Third, it is inevitable that a lack of coordinated urban governance would result in unregulated clogged streets. Much has been said about the lack of coordination among Dhaka's different urban agencies responsible for providing services. The streets of a megapolis like this city are too heavy a responsibility to be left to too many agencies. Cleaning the traffic mess in the city needs one tsar. That tsar needs to go to sleep thinking about solutions for Dhaka streets and wake up thinking about solutions for Dhaka streets. Period.
What are the ways forward? The hard truth is that if Dhaka's urban status quo continues, it is going to take a generation or two for the city to become sane before it bursts at its seams.

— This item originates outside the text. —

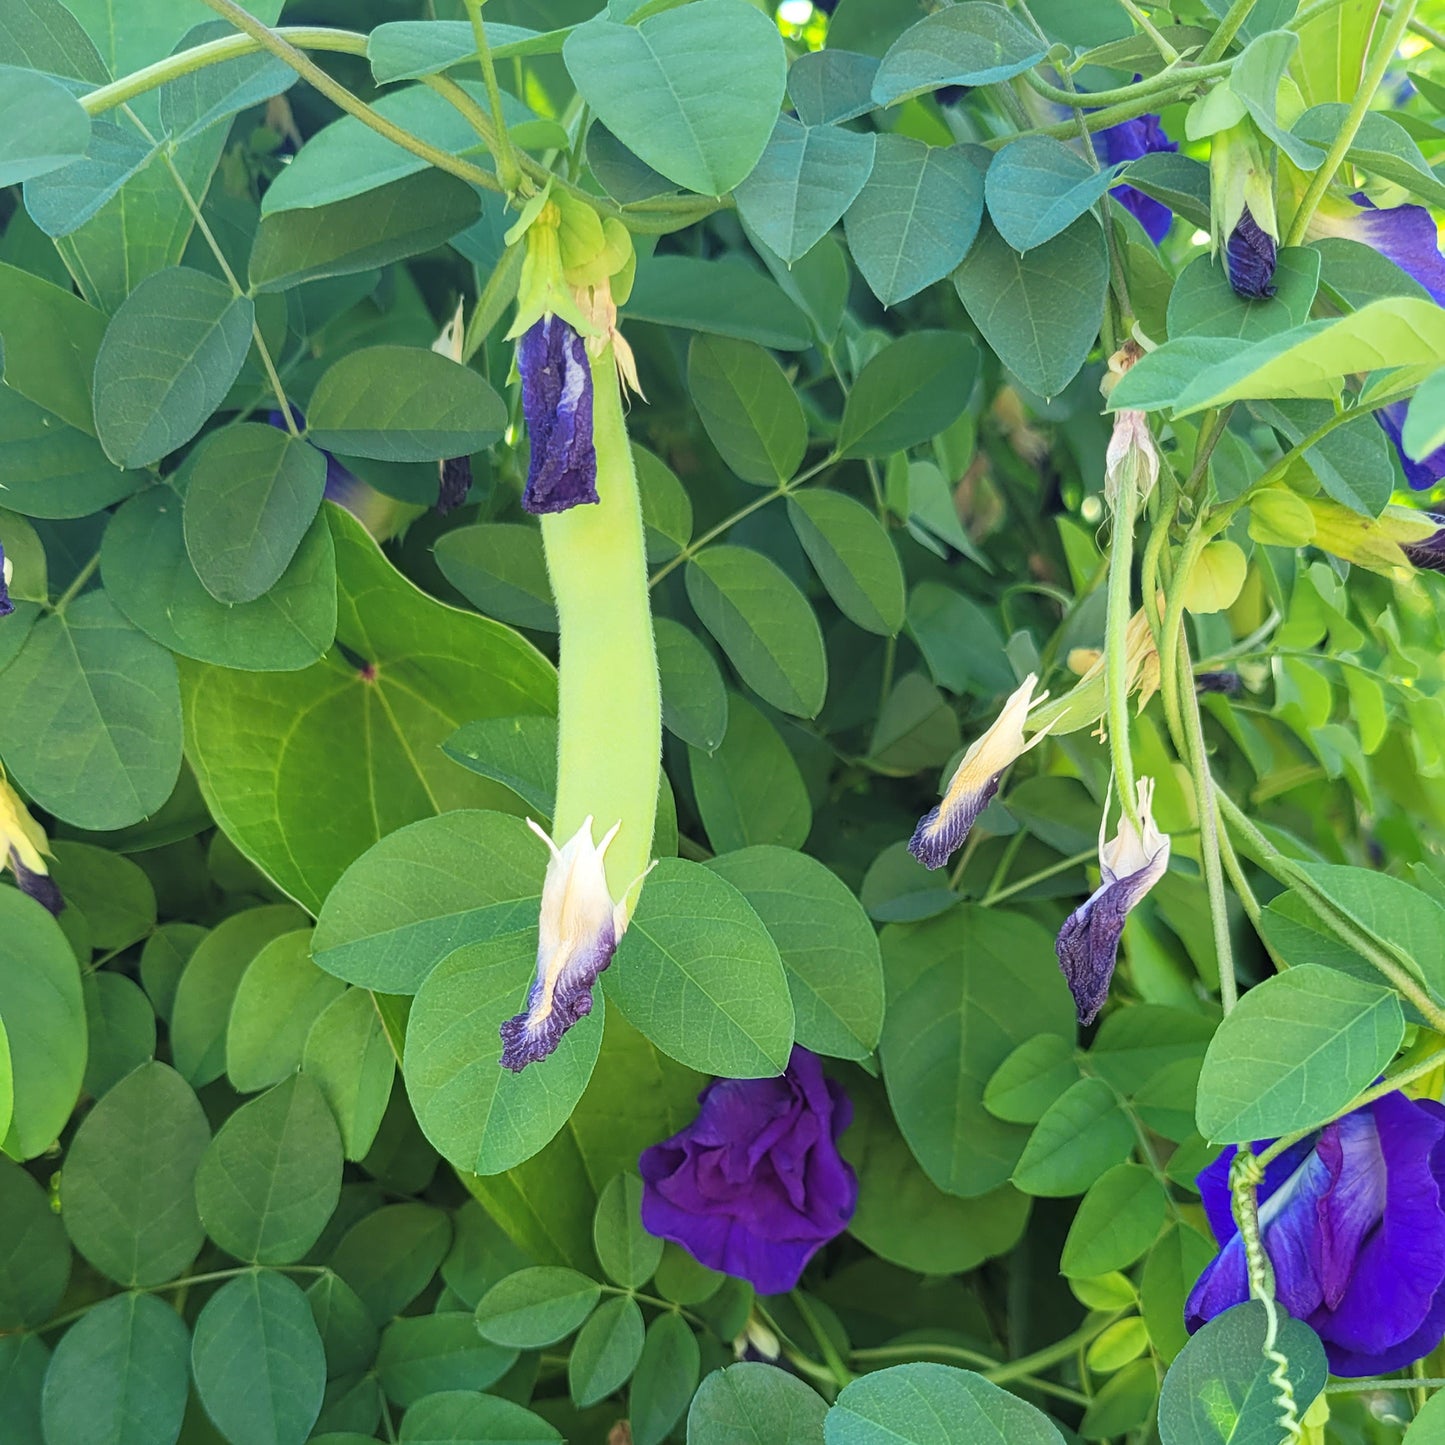 15 SEEDS of Butterfly Pea Plant- Clitoria ternatea

If we don't want to wait until Dhaka becomes Mohenjo-daro, the only way out is its decentralisation. Dhaka needs to stop being a monstrous primate city (greater than two times the next largest city in a country or containing over one-third of a nation's population). As the former World Bank economist Ahmad Ahsan studied, the economic costs of the capital city's overgrowth are a staggering 11 percent reduction in GDP, or about USD 32 billion in 2019. Ahsan wrote, "The urban population of Bangladesh has grown by nearly 10 times after independence, where as much as a third of which has taken place in Dhaka, whose population grew at an annual rate of 5.4 percent per annum between 1974 and 2017. Other large cities, though—Chattogram and Khulna with populations of more than one million—have grown at a far lower rate of 1.7 percent per annum."
Dhaka must stop being the only dream centre in the country. We need to lessen the city's burden. University education? Go to Dhaka. Heart surgery? Go to Dhaka. Establish a startup? Go to Dhaka. Why can't Sylhet become a national hub of healthcare? What's stopping Chattogram from becoming all things maritime? Why is Rangpur, with a new airport, not an industrial hub? Why can't Barishal be a new centre of high-tech industry, like Bengaluru, in the wake of Padma Bridge? Dhaka doesn't have to be everything. Being everything is killing Dhaka. Why are some ministries not located in other divisions?
Decentralisation is easier said than done, particularly when there is a pervasive but irrational political fear that being away from Dhaka—the centre of all powers—is to risk being forgotten, ignored, and diminished. Nobody wants to go outside Dhaka. The risk is too high. Time has come to fight this entrenched fear to save this city from the looming disaster. Dhaka must be decentralised. If necessary, the capital should be split between two cities. In an earlier column, I wrote, "Time has come when the idea of splitting the administrative functions of the capital into two cities should no longer appear absurd. On the contrary, the idea should rapidly sink in … Indeed, we should begin to incubate this idea in our political and administrative heads." I provided many examples of capital relocation across the world.
During Eid holidays, the insanity of Dhaka's streets disappears. That's because people return to their homes in other parts of the country. This "return" should be encouraged, facilitated, and incentivised by a policy of decentring Dhaka. Which ministry should we move to Rajshahi first?
Adnan Zillur Morshed, PhD, is an architect, architectural historian, and urbanist. He teaches in Washington, DC, and serves as executive director of the Centre for Inclusive Architecture and Urbanism at Brac University.